*** Opening THE INPUT ***
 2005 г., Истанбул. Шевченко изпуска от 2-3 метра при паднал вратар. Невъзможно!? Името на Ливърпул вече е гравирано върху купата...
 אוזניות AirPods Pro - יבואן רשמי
*** Closing THE INPUT ***
*** Opening THE INPUT ***
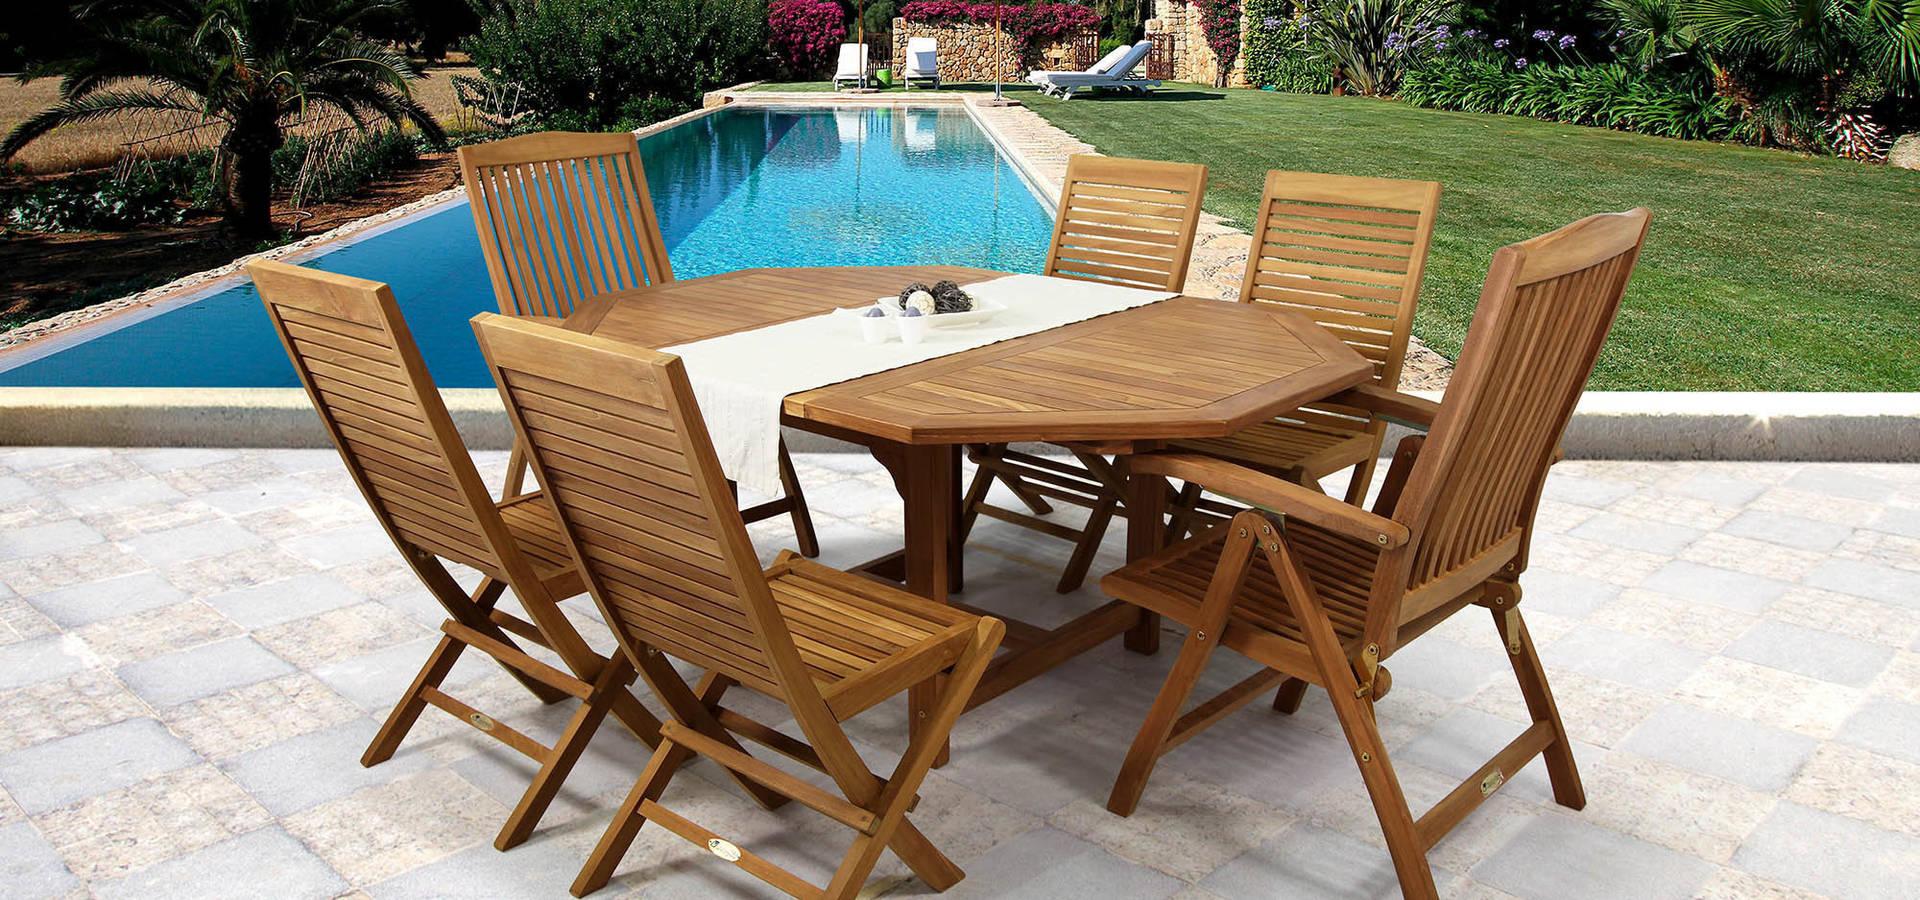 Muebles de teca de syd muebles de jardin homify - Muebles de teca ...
*** Closing THE INPUT ***
#### TASK TO CARRY OUT:
Everything above from the line with "2005 г., Истанбул." to the line with "אוזניות AirPods Pro - יבואן רשמי", both included, must be repeated exactly, and nothing outside that range.

#### RESULT OF THIS TASK:
 2005 г., Истанбул. Шевченко изпуска от 2-3 метра при паднал вратар. Невъзможно!? Името на Ливърпул вече е гравирано върху купата...
 אוזניות AirPods Pro - יבואן רשמי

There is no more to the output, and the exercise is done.